- **What you will do**: Each line of the material below is to be written out exactly. Leave out any picture.

- **Extracted entries**:
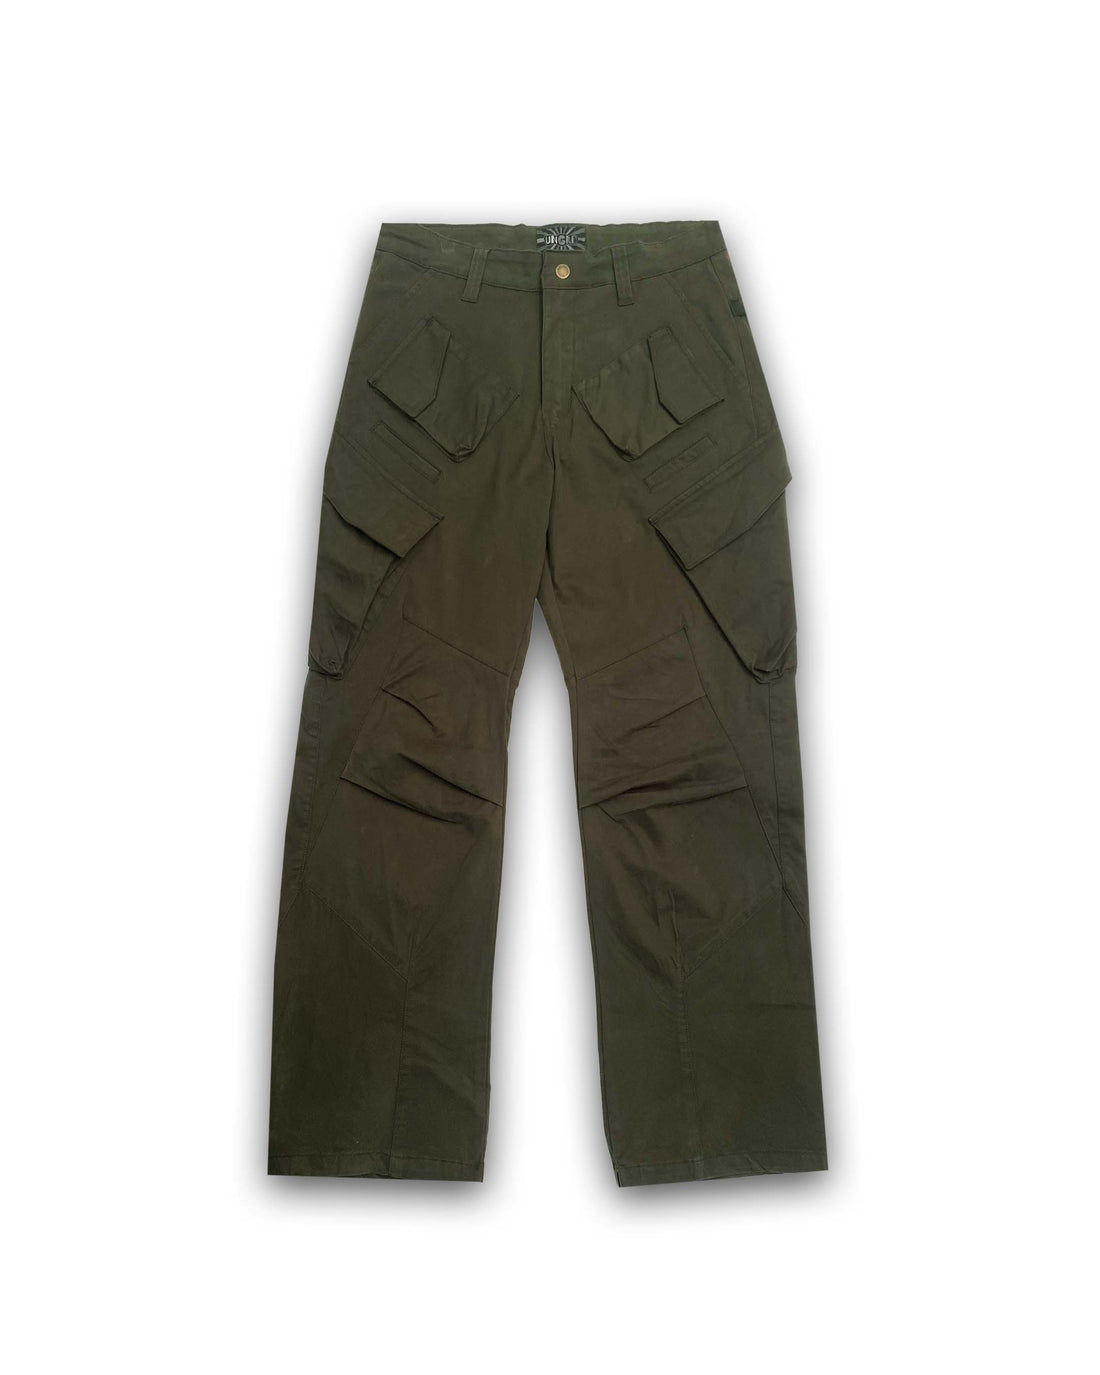 Hexa Pocket Pants (Classic Green)
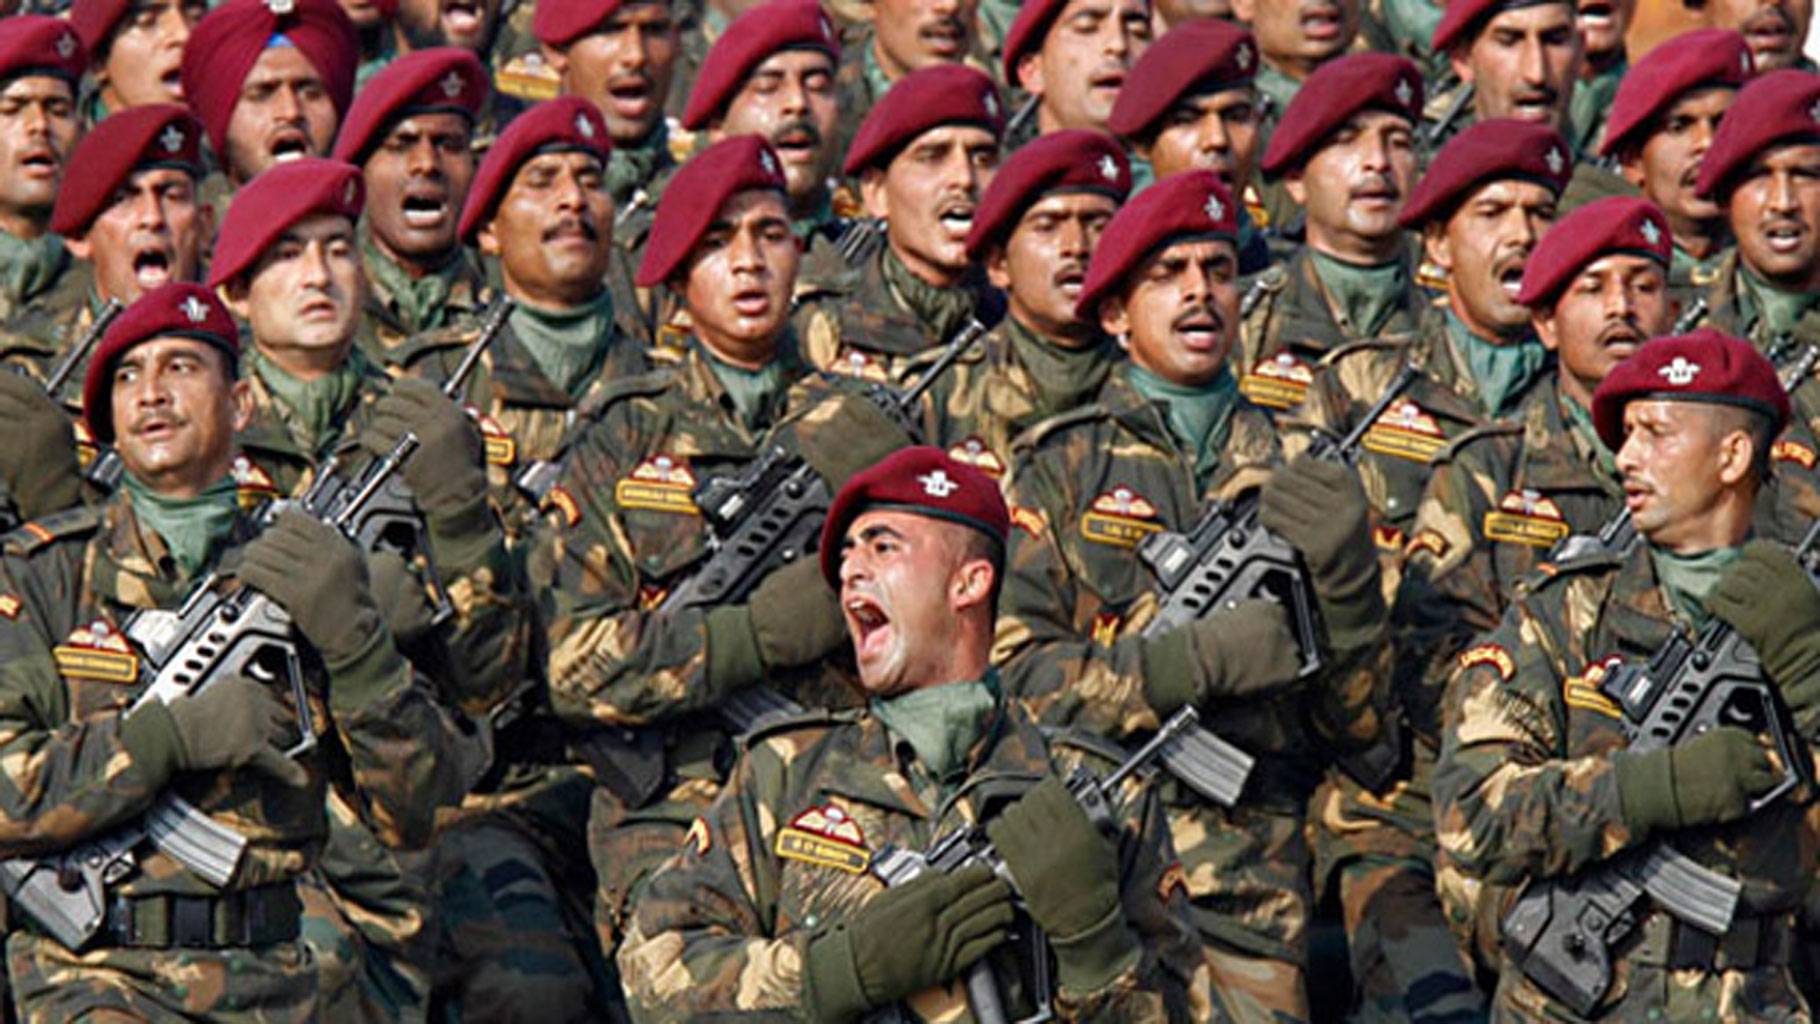 ارتش هند
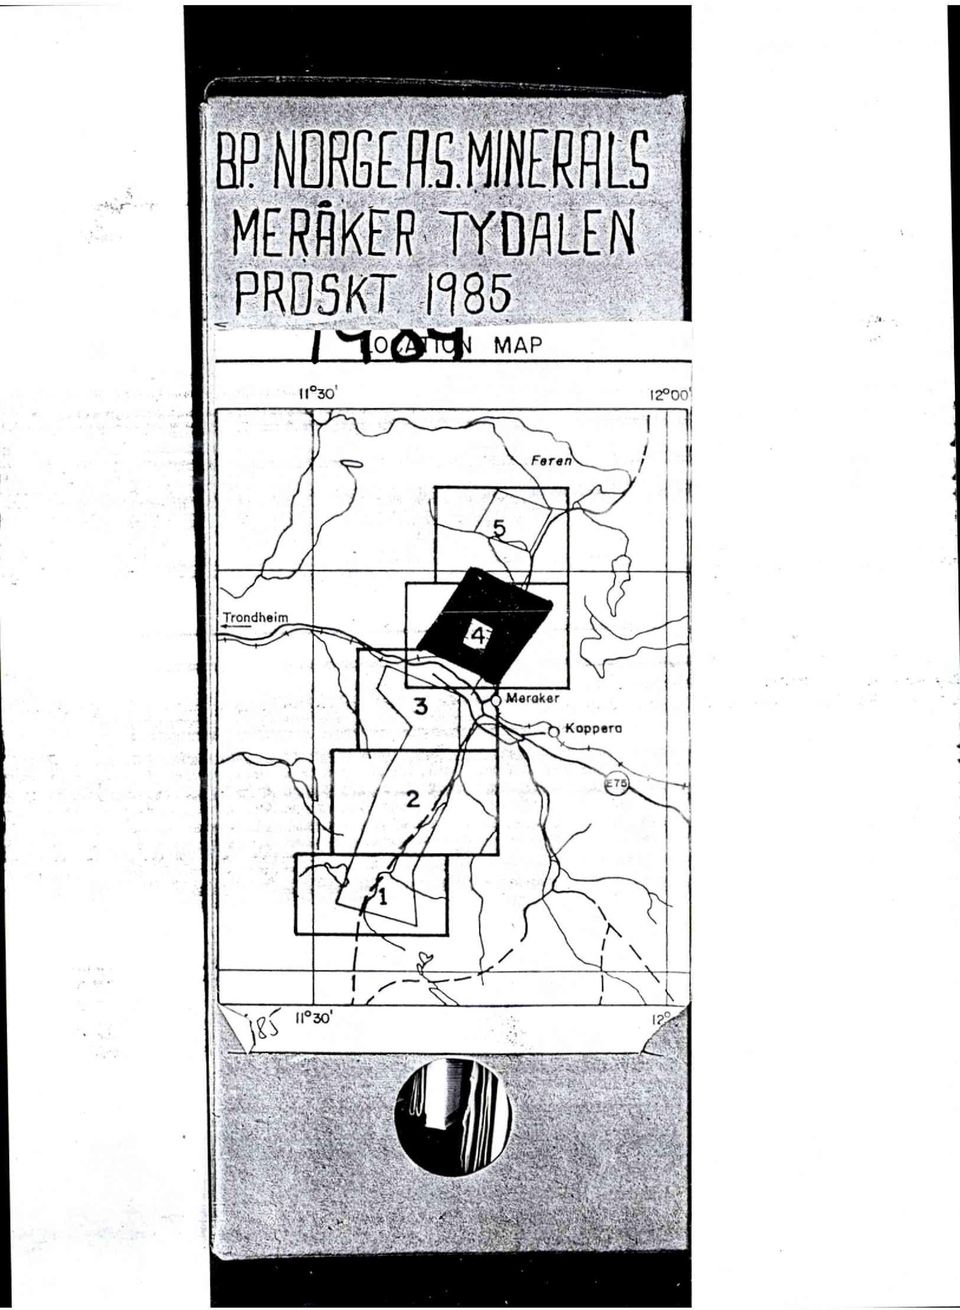 PRDSKT1985 MAP 11030
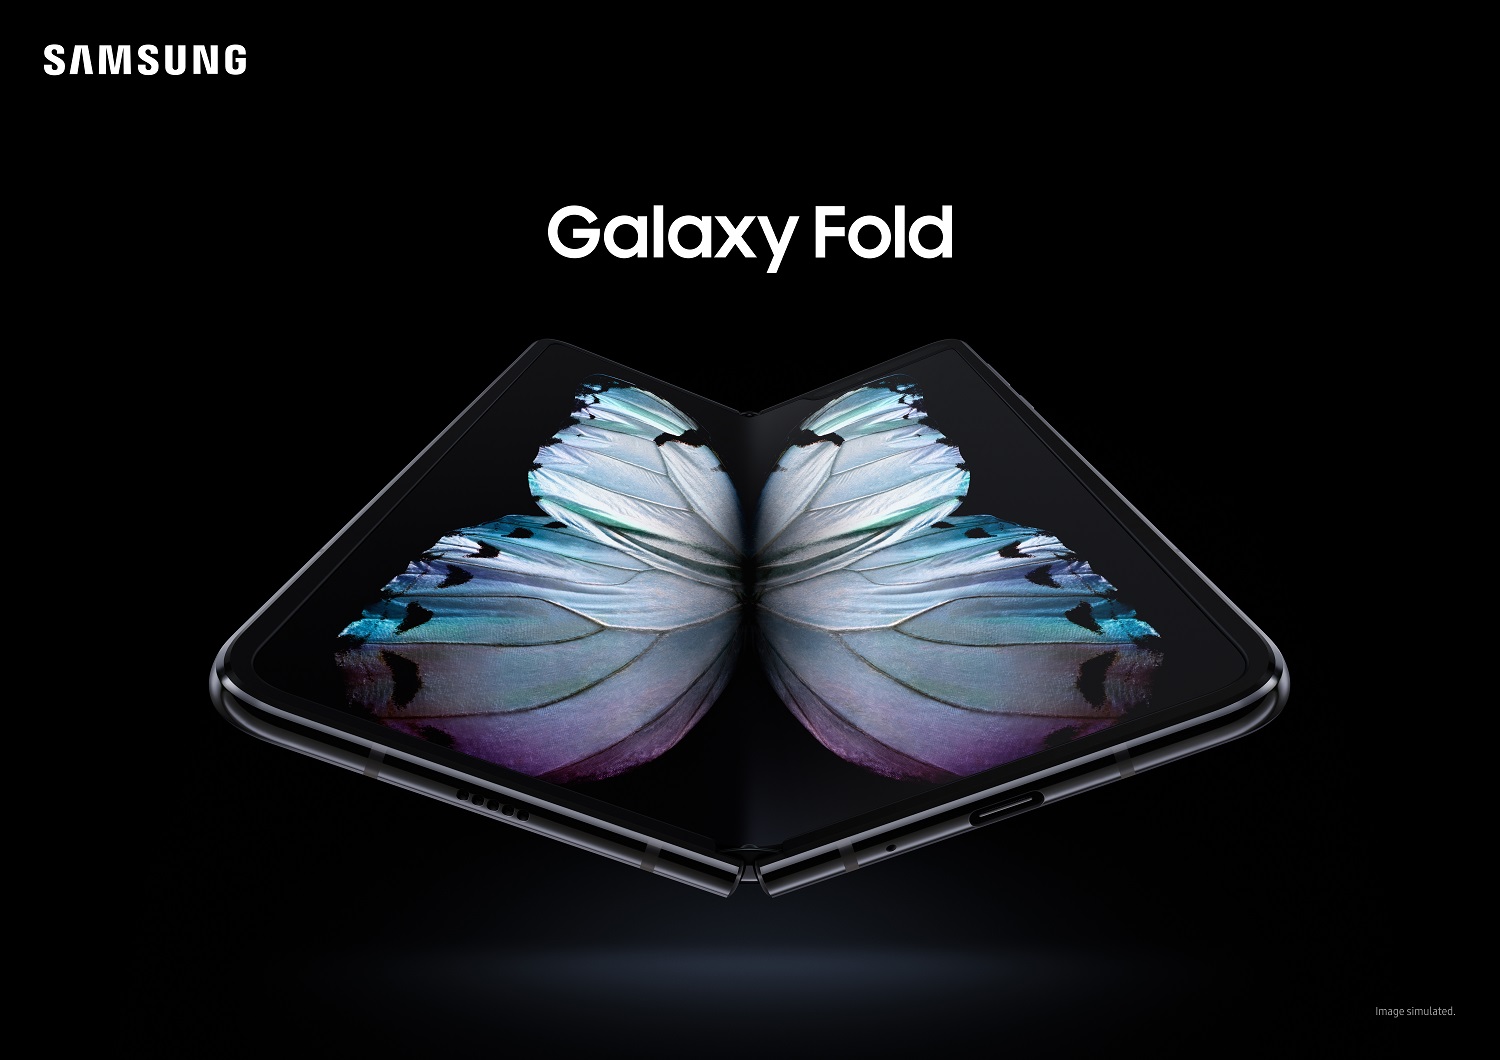 Galaxy Fold sẽ ra mắt tại Việt Nam trong tháng 11 – Khai phá phân khúc điện thoại cao cấp trên 50 triệu
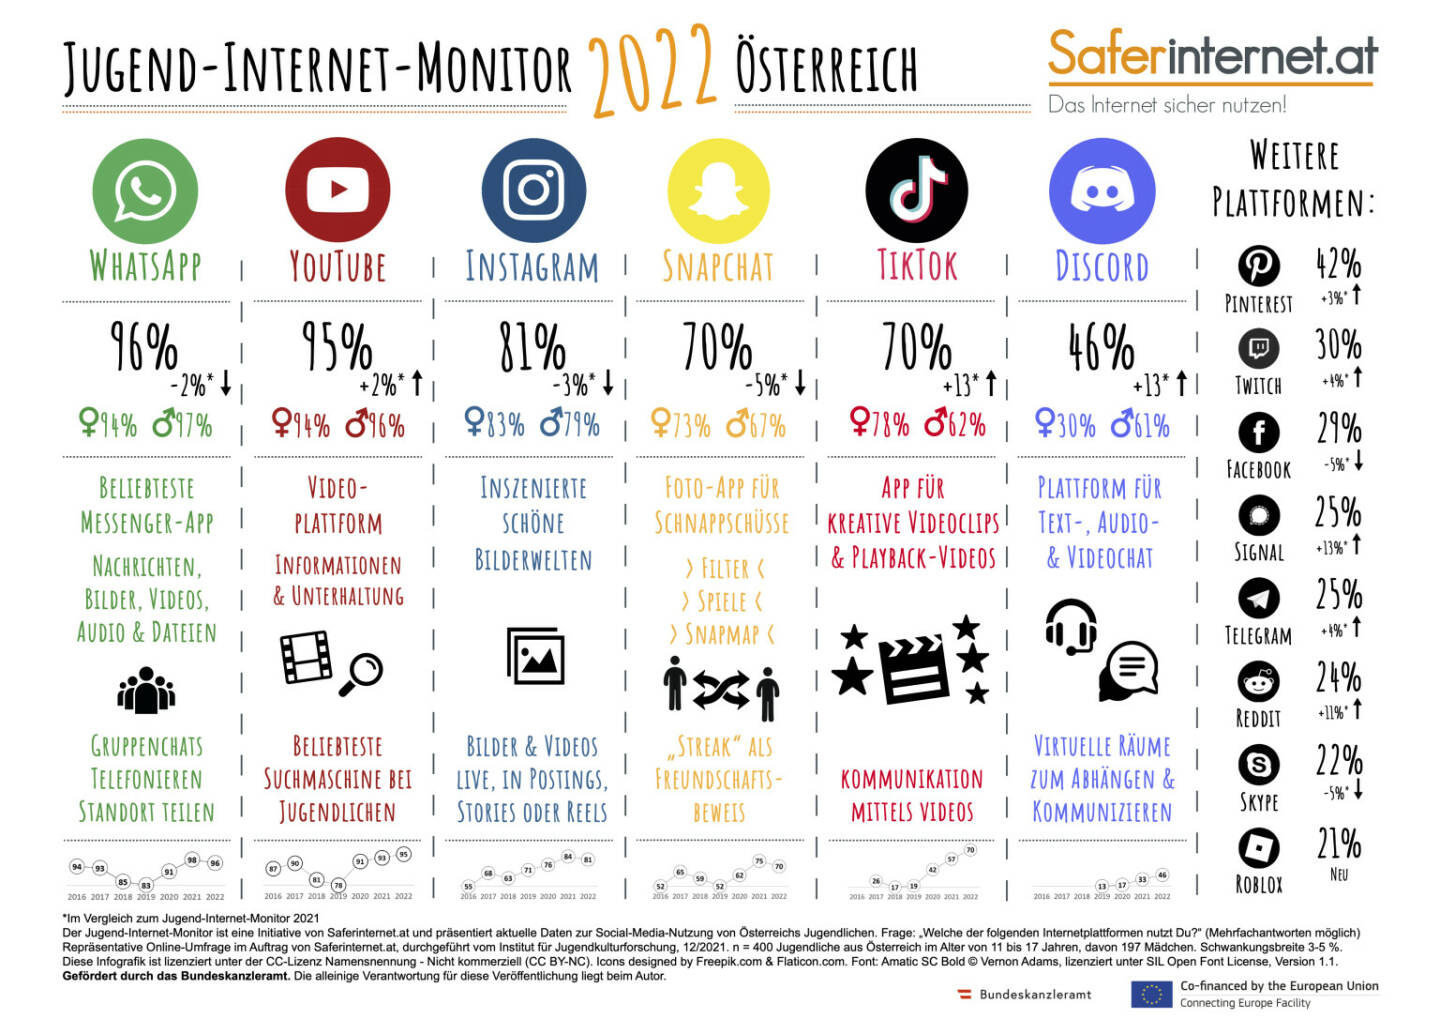 Saferinternet.at: Jugend-Internet-Monitor 2022: Das sind die beliebtesten Sozialen Netzwerke, Credit: Saferinternet

- **Solution to the problem**:
 Hexa Pocket Pants (Classic Green)
 ارتش هند
 PRDSKT1985 MAP 11030
 Galaxy Fold sẽ ra mắt tại Việt Nam trong tháng 11 – Khai phá phân khúc điện thoại cao cấp trên 50 triệu
 Saferinternet.at: Jugend-Internet-Monitor 2022: Das sind die beliebtesten Sozialen Netzwerke, Credit: Saferinternet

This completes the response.